# Pierre Lafont, Andre Silotti, Orchestra of Aix, and others.



## jdbarrer (Jun 21, 2013)

Hello,

I initiated on listening to Classical Music thanks to a series of recordings made available by a local newspaper about fifteen years ago. 

Most of those recordings contain performances of poor quality, with a few remarkable exceptions (which I understood as such after some years of listening to Classical Music once I arrived and understood recordings by several of the famous orchestras and conductors from the last century), being the names in the post' title some of these.
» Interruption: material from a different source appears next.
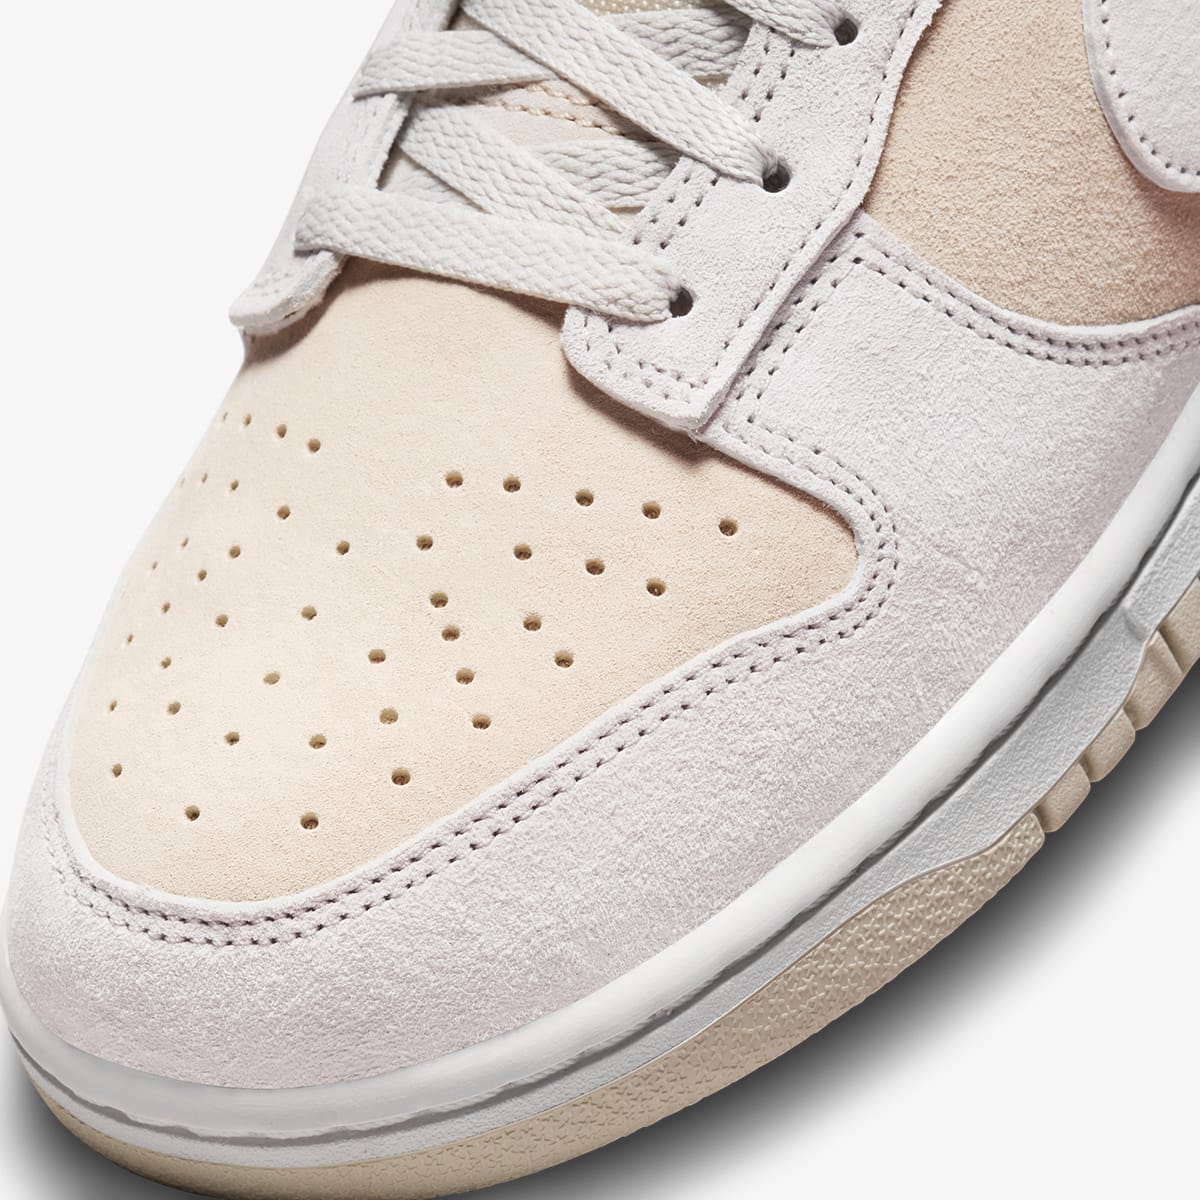 Nike Dunk Low Retro PRM (Vast Grey & Summit White) | END. Launches

When I looked for information about these people I was surprised by a big silence in the web: there is no picture of the conductor Pierre Lafont, or the pianist Andre Silotti, or the Orchestra of Aix, or the violinist Pinkas Sztaifberg (there are some other names that I'm not writing down, for instance "I Virtuosi di Lugano", who were doing some not very remarkable performances of the Baroque repertoire), there is no webpage containing their biography or information about the orchestras. I just made some hypotheses for myself and gave up solving the mystery.
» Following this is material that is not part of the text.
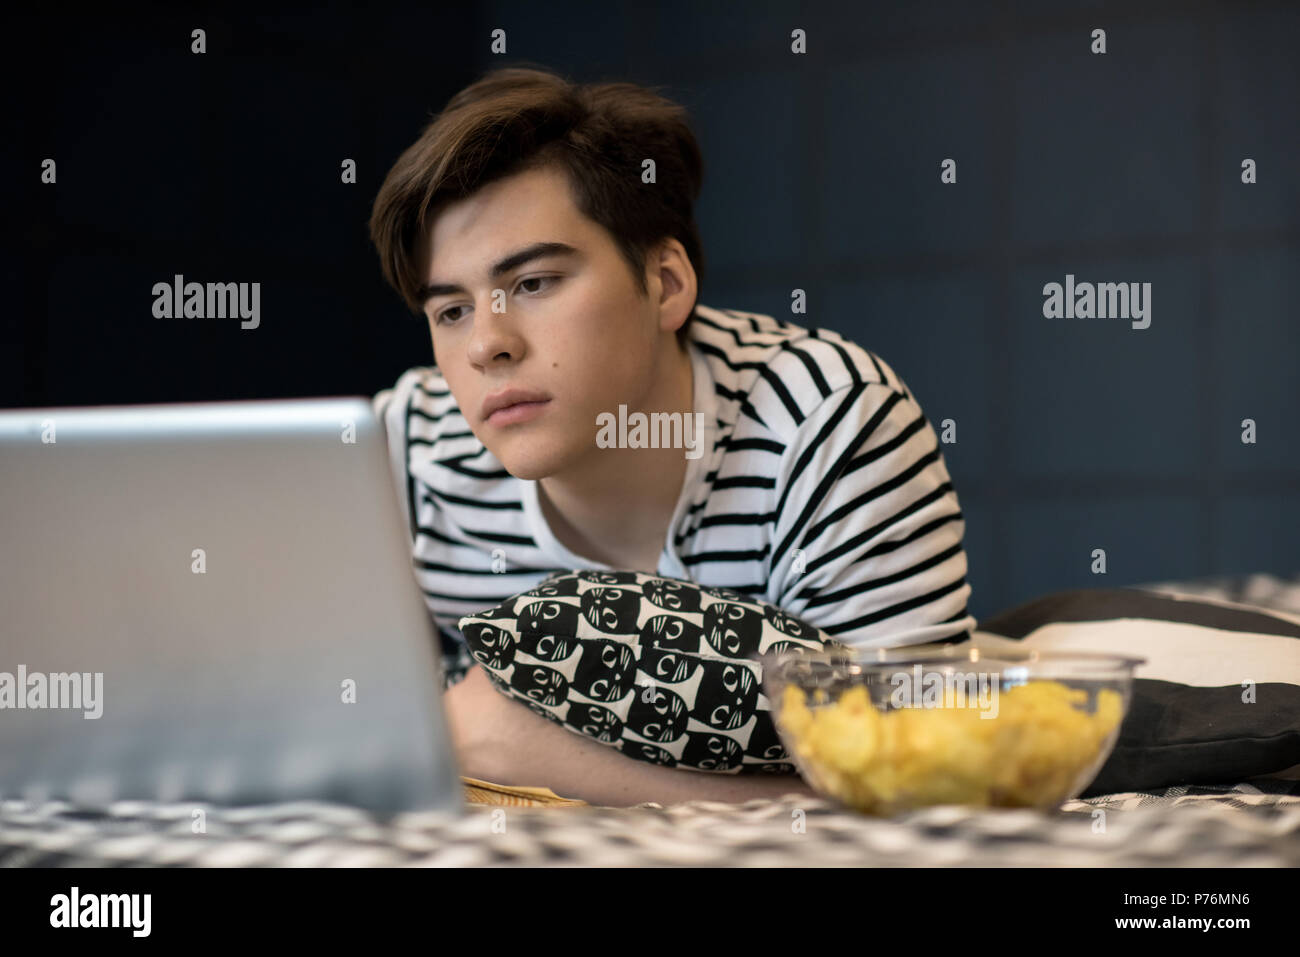 Handsome young male lying on bed with bowl of chips and reading on laptop screen. Stock Photo

Now life has brought me back home after some years overseas, and I remembered this issue after seeing my early record library. Does any of you have information about these guys? At some point I just arrived to the conclusion that these were pseudonyms used perhaps by some advanced music students in a "big" recording project (I think the collection comprises more than 100 cd's) that ended up in some newspapers around the world, but my curiosity was never satisfied. What can you tell me about these names?


----------